Most Health Insurance countries here in Australia offer the same service, and
then meta-provider iSelect also make it simple to compare and recommend where
you switch to.

Regarding business model, it's basically a question of loyalty. If we pay you
or one of our staff to help you switch, we want the pay-off to be revenue from
you for a long period of time. That's fine if combined with decent client
service or a loyalty program, but if you're just as crappy, and your industry
starts making switching easier, it will cost you in the long run. Not the
easiest way to get clients and make money.

------
8-bit_Blaster
FYI, this feature is only visible in the "Standard" AJAX version of Gmail...
The HTML version has no option for importing...

It's too bad this feature does not work on importing from one Gmail account to
another Gmail account. A few years ago I [accidently] got onto some e-mail
spammers list and have been getting spam mails ever since!

I'd love to be able to migrate all my old Gmail e-mails to a new account
(including my RSS feeds and stars from Google Reader).
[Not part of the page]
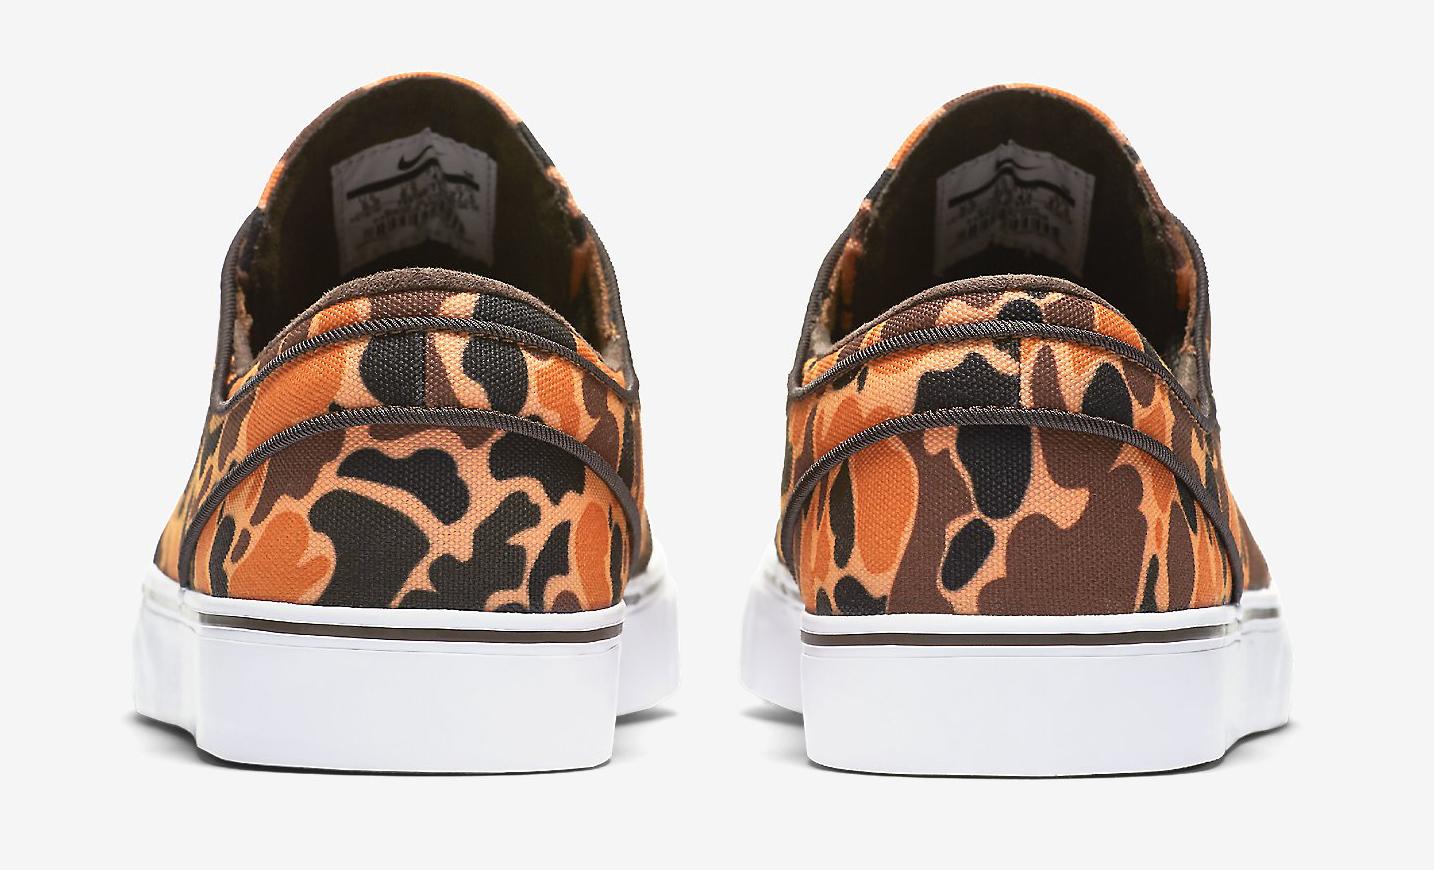 Camouflage Nike SB Janoski Heel

Maybe someday?

------
petercooper
I've been trying to get my wife to switch from Hotmail to Gmail for years and
I was excited by this development, but.. it doesn't help with the e-mail
forwarding problem, alas :( There are some workarounds but they either involve
money or third parties.

Of course, Microsoft is smart enough to realize that if they made forwarding
available for free, there'd be a major exodus ;-)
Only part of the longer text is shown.